WP6: Experimental Publishing and Reuse

illustrations
Performing Data Differently Map by Ellen Fowles published on Zenodo

Image credit: Image by Ellen Fowles (2021). Performing Data Differently Map. Zenodo. https://doi.org/10.5281/zenodo.5541339.

WP6 brings together publishers, technologists, researchers, and authors to devise strategies to promote experimental book publishing and the reuse of, and engagement with, open access books. We are examining ways to align existing open source software, tools, workflows and infrastructures for experimental publishing with the workflow of open access book publishers. To do so, we are co-developing a set of pilot experimental academic books together with the scholar-led presses Open Humanities Press, Mattering Press and Open Book Publishers which are being developed with the aid of these open source tools and technologies. We are also publishing research reports and are developing online resources for authors and publishers interested in exploring experimental forms of publication.

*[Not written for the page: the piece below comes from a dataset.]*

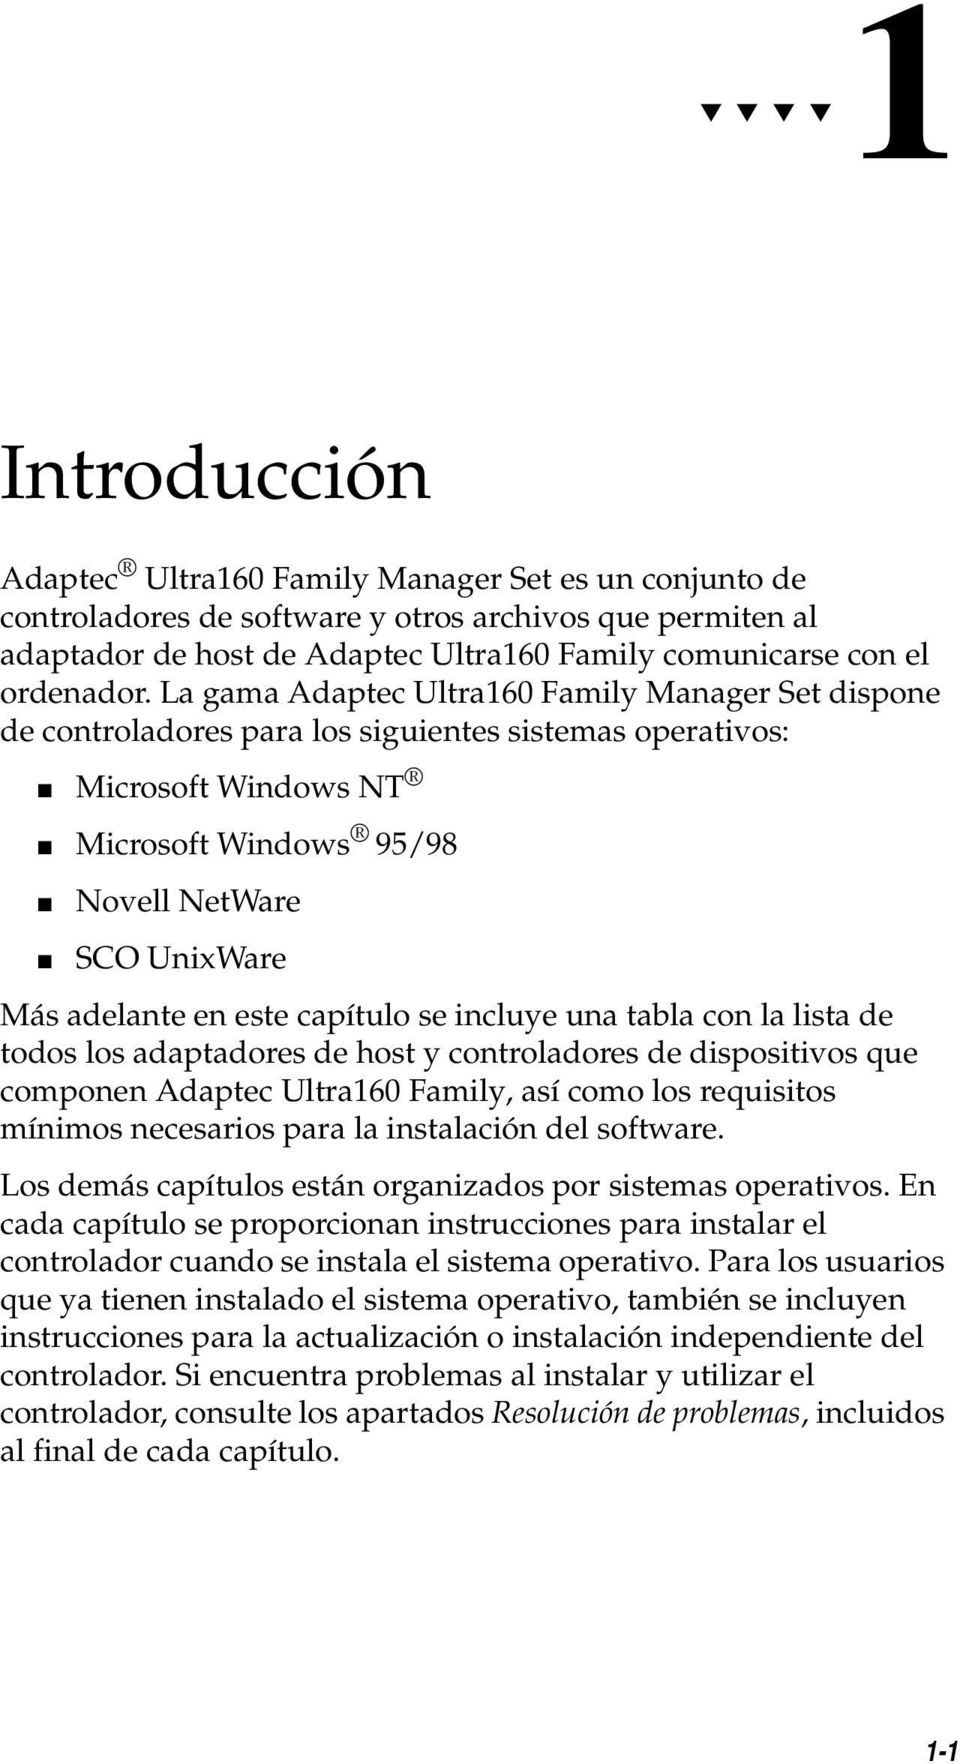 La gama Adaptec Ultra160 Family Manager Set dispone de controladores para los siguientes sistemas operativos: Microsoft Windows NT Microsoft Windows 95/98 Novell NetWare SCO UnixWare Más adelante en

Aims and research questions

Our research is looking at experiments with the book that reimagine the relationalities that constitute academic writing, research and publishing, and speculate on what the future of the book and the humanities might look like beyond the printed codex-format as the standard publication choice.

Our aim is to make it easier for authors and publishers to take up these kinds of experiments, and to integrate them into their research and publishing work-flows. We are doing so by highlighting the open source tools, technologies, platforms and software that are already available to support experimental forms of publishing, whether they are custom-designed for academic books or not. But instead of focusing solely on experimental publishing as a technological problem requiring technological solutions, we are keen to investigate what the inhibitions and the barriers are towards the uptake of these kinds of experimental books and processes (and how to overcome them), both for authors and for presses. As such we are working closely with authors and presses to create pilot projects and communities of best practice, to explore how to best enable experimental publishing.

Research

Workshops

Mapping, Connecting, Developing Future Book Imaginaries (July 1, 2020)

As part of this online half-day stakeholder workshop we brought together some of the most cutting-edge open source software and platform providers working on reimagining the academic book. Together with a selection of scholar-led and new university presses we collaboratively explored the questions: how can we better enable the production and publication of experimental books; and what is already out there to support this?

Workshop Overview: https://www.copim.ac.uk/events/200701-experimental-publishing-workshop/

Workshop reports:

ReUsing Sources 1 – Texts: Foraging, Slashing, Weeding, Composting, Assembling, Caring for Texts (June 3, 2021)

For ReUsing Sources 1: Texts, we worked with the team behind the Combinatorial Books: Gathering Flowers pilot project, which in its first iteration consists of a collaborative ‘re-writing’ of Tondeur and Marder’s The Chernobyl Herbarium (Open Humanities Press, 2016); a process the authors conceptualised as a form of productive disappropriation. The engagement with the latter text, as well as discussions among the participants of this workshop, evolved through the collective assembly of an ad-hoc publication during the workshop. The publication consists of: (1) a collection of plants and their properties that can inform the creative, careful “composting” (through writing, reuse and publishing) of OA materials; (2) short experiments in rewriting a passage from the Chernobyl Herbarium; (3) plant-based recipes for re-using sources. By means of these exercises we are gathering new ways to re-engage with existing texts in and through scholarly writing.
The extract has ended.